Perlukah ada badan baru untuk menangani program pemeriksaan atau medical check up gratis?
NEXT: Catatan Pakar
BPJS Dinilai Ideal Atur Anggaran
Menurut pakar epidemiologi Dicky Budiman dari Universitas Griffith Australia, pihak yang tepat mengelola anggaran Rp 5 triliun untuk kebutuhan skrining gratis TBC adalah BPJS Kesehatan lantaran memiliki jaringan yang luas.
"BPJS bisa jadi aktor yang tepat untuk mengelola anggaran ini, karena mereka sudah memiliki sistem infrastruktur dan jaringan yang luas, namun BPJS juga harus memperkuat operasional dan manajemen keuangan mereka sehingga ketika dibebankan implementasi program baru ini perlu dilaksanakan," lanjut Dicky.
BPJS juga disebutnya perlu mendapatkan dukungan kolaborasi dari berbagai sektor pemerintah termasuk Kementerian Kesehatan RI hingga Bappenas. Keterlibatan lembaga global seperti Organisasi Kesehatan Dunia (WHO) juga dinilai Dicky bisa membantu berjalannya program medical check up gratis.
Hal senada diutarakan Prof Tjandra. Dalam pelaksanaan program medical check up gratis tidak perlu dibentuk badan baru. Mengingat, selama ini Kemenkes RI sudah berpengalaman dalam pelayanan kesehatan.
"Kalau ada kegiatan pelayanan kesehatan maka dilakukan oleh Kementerian Kesehatan dan Dinas Kesehatan (karena kesehatan sudah didesentralisasikan ke daerah)," tutur Prof Tjandra.
Skrining Penyakit Ini Juga Diusulkan Jadi Prioritas
Selain TBC, Dicky menyebut skrining penyakit lain yang perlu menjadi prioritas adalah diabetes hingga hipertensi. Ancaman kedua penyakit tersebut relatif tinggi dengan masing-masing prevalensi kasus di Indonesia konsisten berada di atas 10 persen.
"Kalau bisa tiga itu, wah akan sangat bagus mengurangi beban ke depan," beber Prof Tjandra.
"Tambahan lagi, skrining kanker, prioritas jenis kanker serviks bahkan mungkin kanker payudara karena menjadi penyumbang kematian jenis kanker terbanyak," lanjutnya.
NEXT: Keberhasilan di Korea-Jepang
Strategi penanganan kesehatan semacam ini sebetulnya sudah lebih dulu berlaku di negara maju seperti Jepang hingga Korea Selatan. Beban pembiayaan kesehatan di negara-negara tersebut relatif lebih rendah karena mengupayakan langkah promotif dan preventif, mencegah orang jatuh sakit, alih-alih fokus dalam hal kuratif atau perawatan.

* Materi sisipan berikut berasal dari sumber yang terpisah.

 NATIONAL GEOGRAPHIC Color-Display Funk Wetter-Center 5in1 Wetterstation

Keberhasilan ini sempat disinggung Wakil Menteri Kesehatan. Perbandingannya terlihat jelas dengan tren di Amerika Serikat.

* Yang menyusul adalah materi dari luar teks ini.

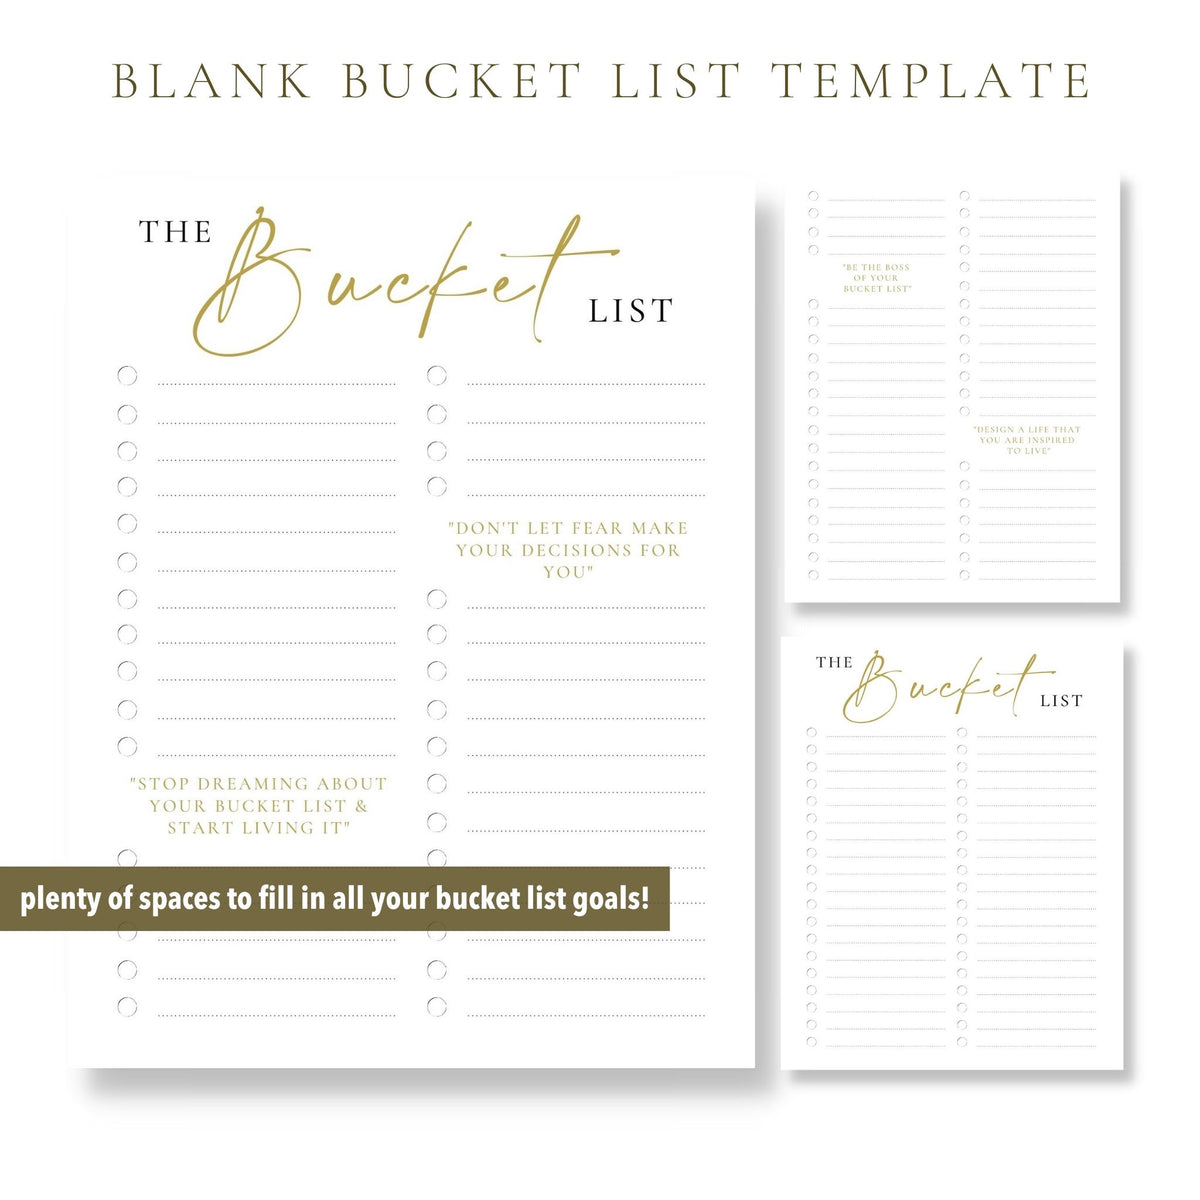 Printable At Home Bucket List (Blank Template Included!) – buck & co.

"Di Amerika misalnya, yang pengeluarannya 10 ribu dolar per kapita per tahun, angka harapan hidupnya 78 tahun, sedangkan di Jepang yang mengeluarkan biaya 4.400 per tahun itu angka harapan hidupnya 84 tahun, karena di Jepang menerapkan promotif dan preventif yang lebih baik," kata Dante dalam konferensi pers di Jakarta, Selasa.